Masaoka staging system is one of the two factors, including completeness of surgical resection, that most strongly correlates with prognosis of thymomas and has been used so far because of the absence of any thymic carcinoma specific stage classifications.
We classified our case as Masaoka [11] stage IV4a (Table II) because of the pleural and pericardial dissemination.
Table II.
Masaoka-Koga staging system of thymoma.
| STAGE | DESCRIPTION |
|---|---|
| I | Macroscopically completely encapsulated and microscopically no capsular invasion. |
| II | Macroscopic invasion into surrounding fatty tissue or mediastinal pleura Microscopic invasion into pleura |
| III | Macroscopic invasion into neighboring organs (pericardium, great vessel, or lung) |
| IV | Pleural or pericardial dissemination Lymphogenous or hematogenous metastasis |
According to the Tsuchiya [12] TNM staging system (Table III) it was Stage IV4a because of the pleural and pericardial implantation of tumor with presence of few anterior mediastinal lymph node metastasis, however no distant organ metastasis was seen.
Table III.
Tsuchiya TNM staging for thymic carcinoma.
| DESCRIPTION | |
|---|---|
| Pt1 | Completely encapsulated tumor |
| Pt2 | Tumor breaking through capsule, invading thymus or fatty tissue (may be adherent to mediastinal pleura but not invading neighbouring organs) |
| Pt3 | Tumors breaking through the mediastinal pleura or pericardium or invading neighboring organs such as greater vessels or lungs. |
| Pt4 | Tumor with pleural or pericardial implantation |
| PN0 | No lymph node metastasis |
| PN1 | Metastasis in anterior mediastinal lymph nodes |
| PN2 | Metastasis in intrathoracic lymph nodes, excluding anterior mediastinal lymph nodes |
| PN3 | Metastasis in extra thoracic lymph nodes |
| PM0 | No distant organ metastasis |
| PM1 | With distant organ metastasis |
| Stage I | T1 or T2 N0 M0 |
| Stage II | T1 or T2 N1 M0 |
| Stage III | T3 N0 or N1 M0 |
| Stage IVa | T4 N0 or N1 M0 |
| Stage IVb | Any T, N2 or N3, M0 |
| Stage IVc | Any T, any N, M1 |
There have been no thymic carcinoma specific stage classifications. It is usually diagnosed with advanced stages.
Conclusion
Complete resection of the thymic tumor is the best way to achieve long term survival, though survival also depends on the lymph node status.

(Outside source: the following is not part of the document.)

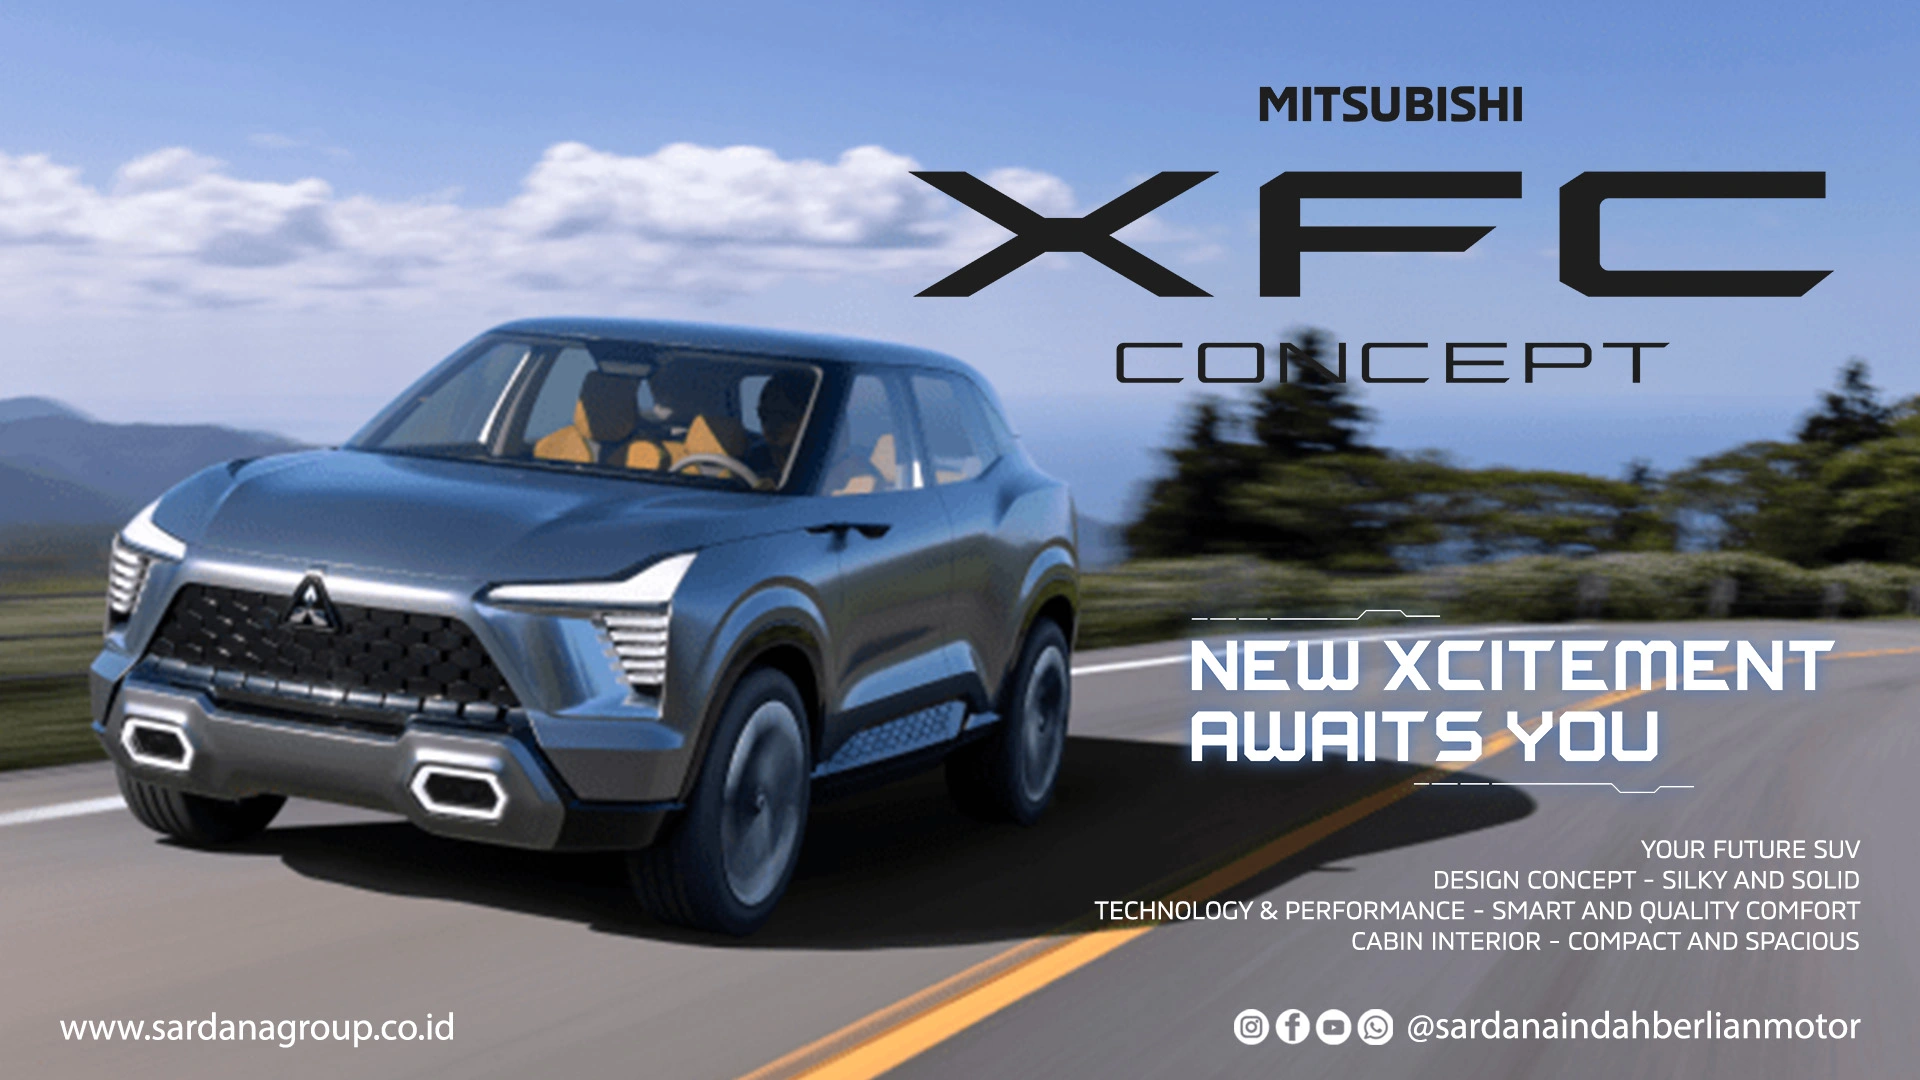 Mitsubishi XFC Concept, Your Future SUV
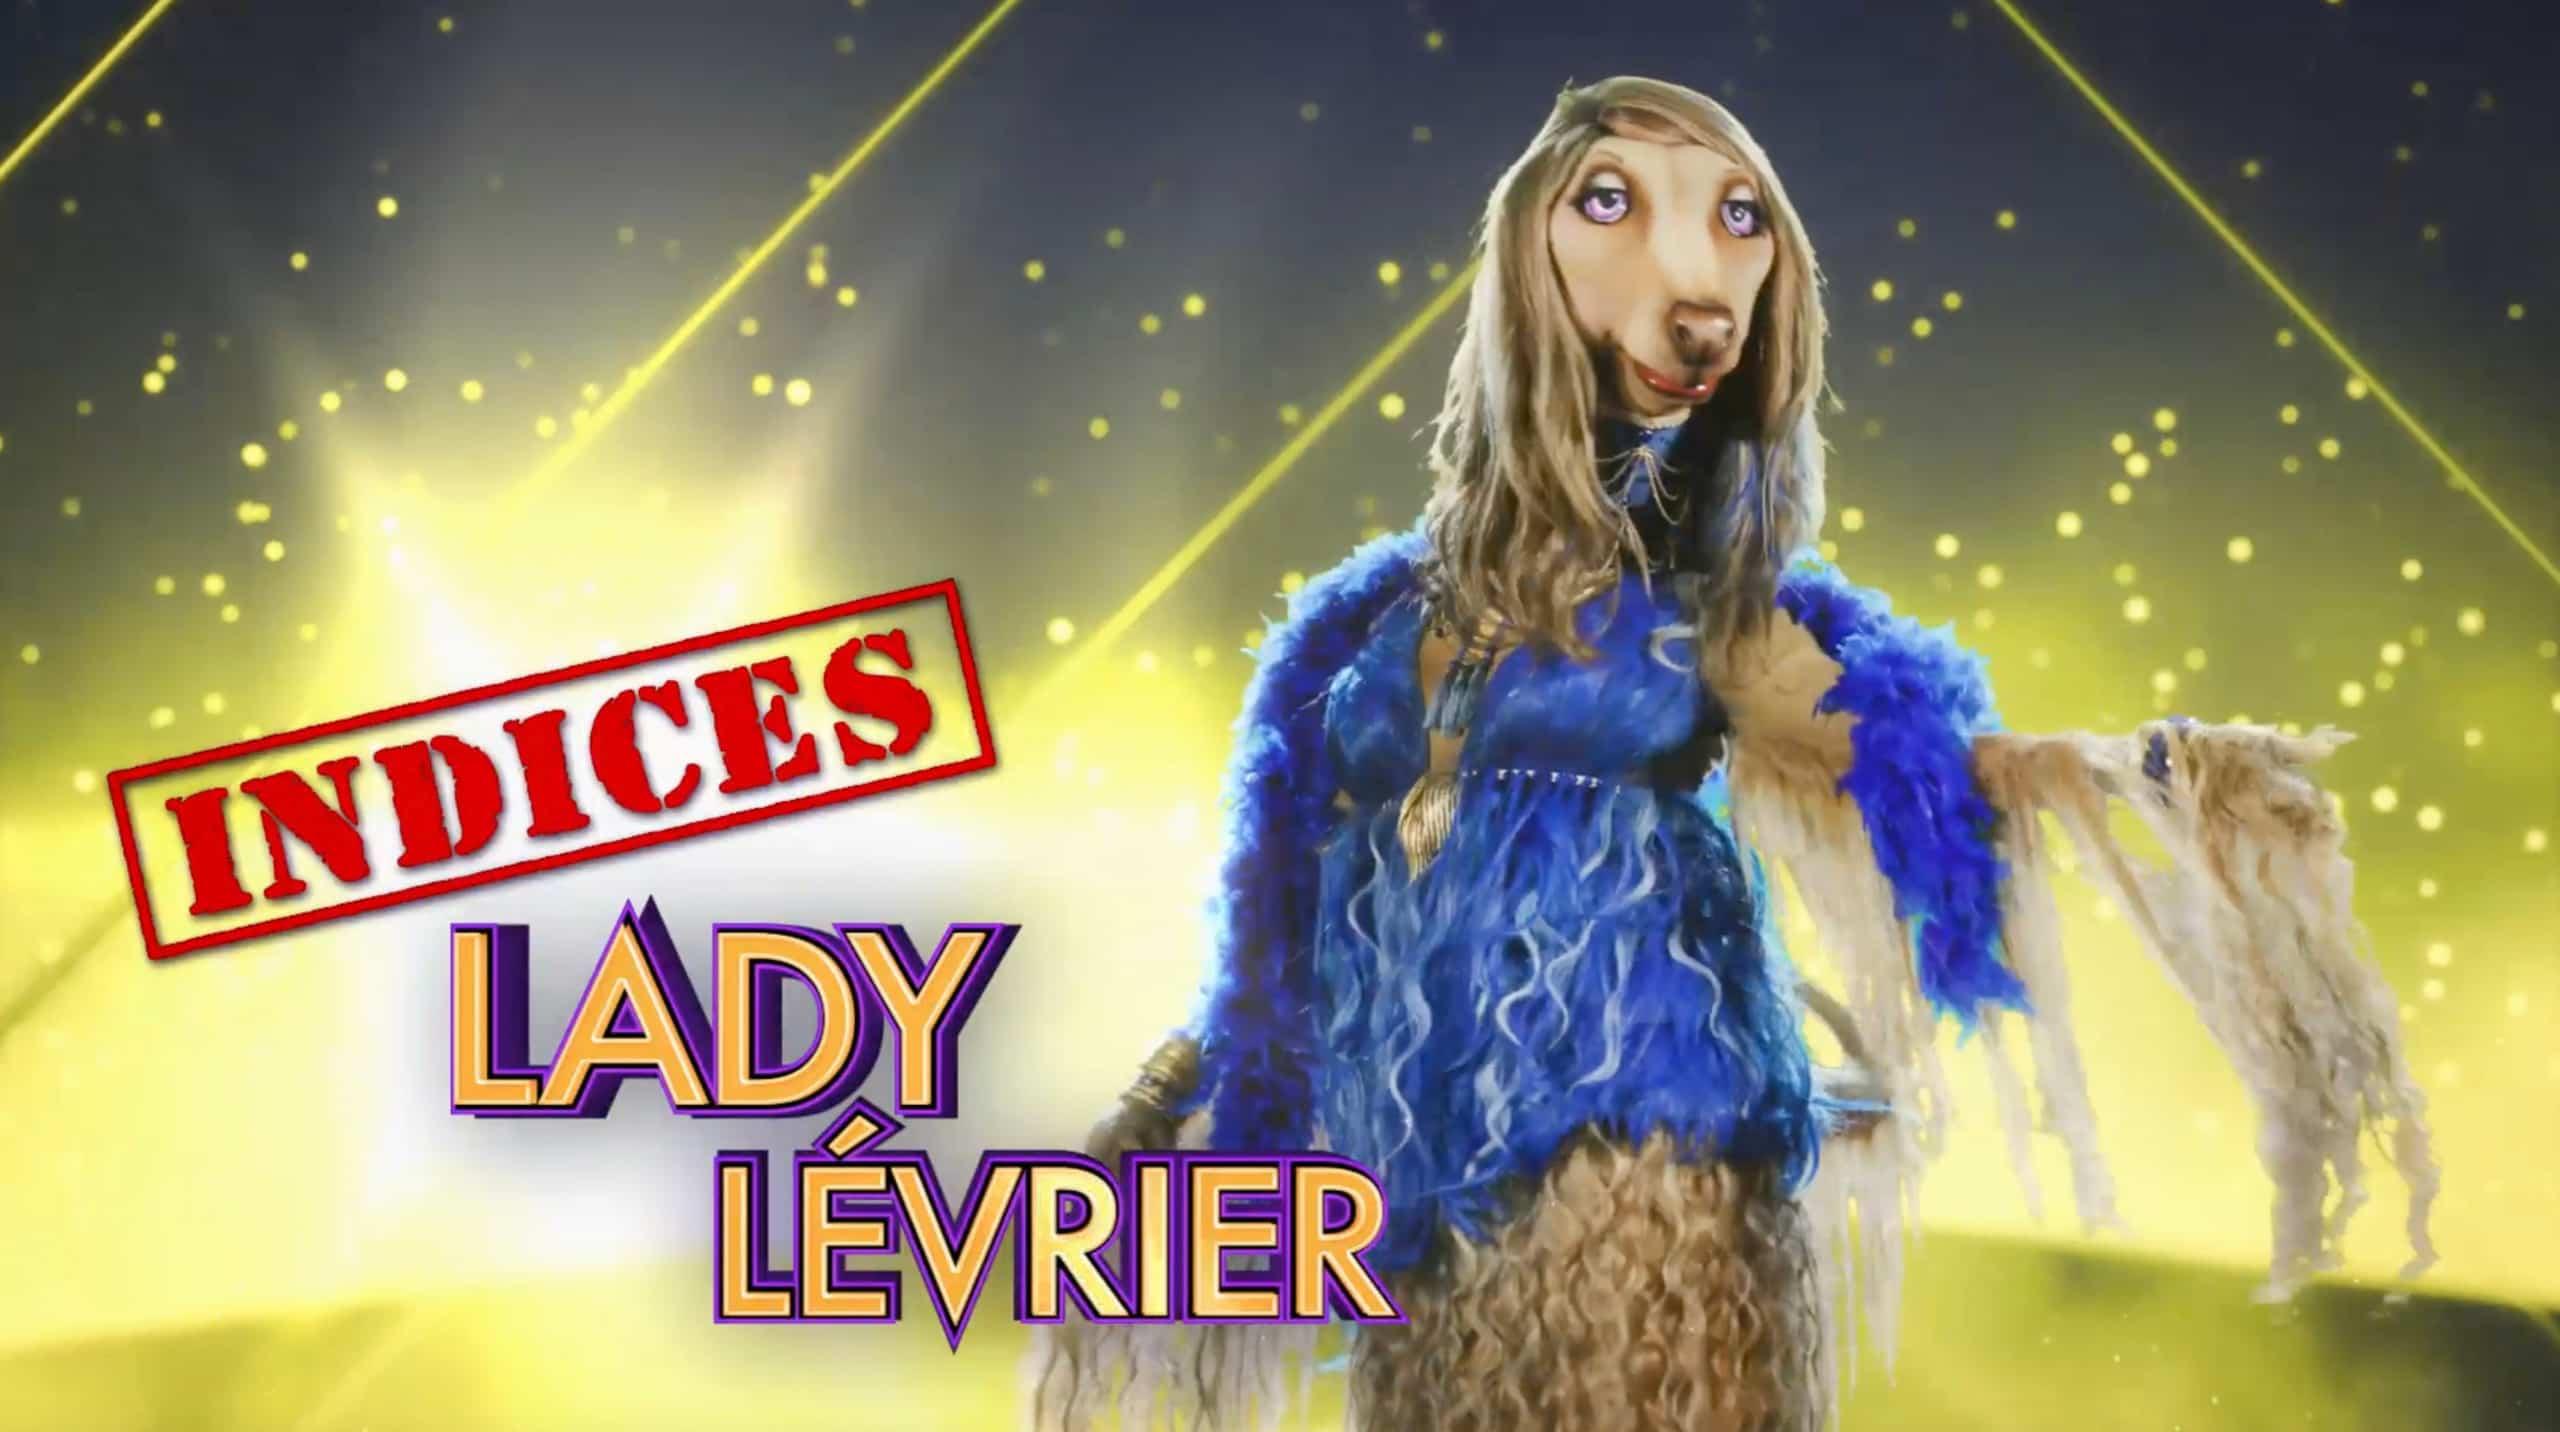 Lady Lévrier - Indices 1

It is one of the most significant prognostic factors in thymic carcinoma. The patients with tumor invasion of the great vessels have poor prognosis as they may further lead to distant organ dissemination. Also, it has been seen that preoperative radiotherapy and chemotherapy improves the chances of better resectability of the thymic carcinomas with subsequent long term survival.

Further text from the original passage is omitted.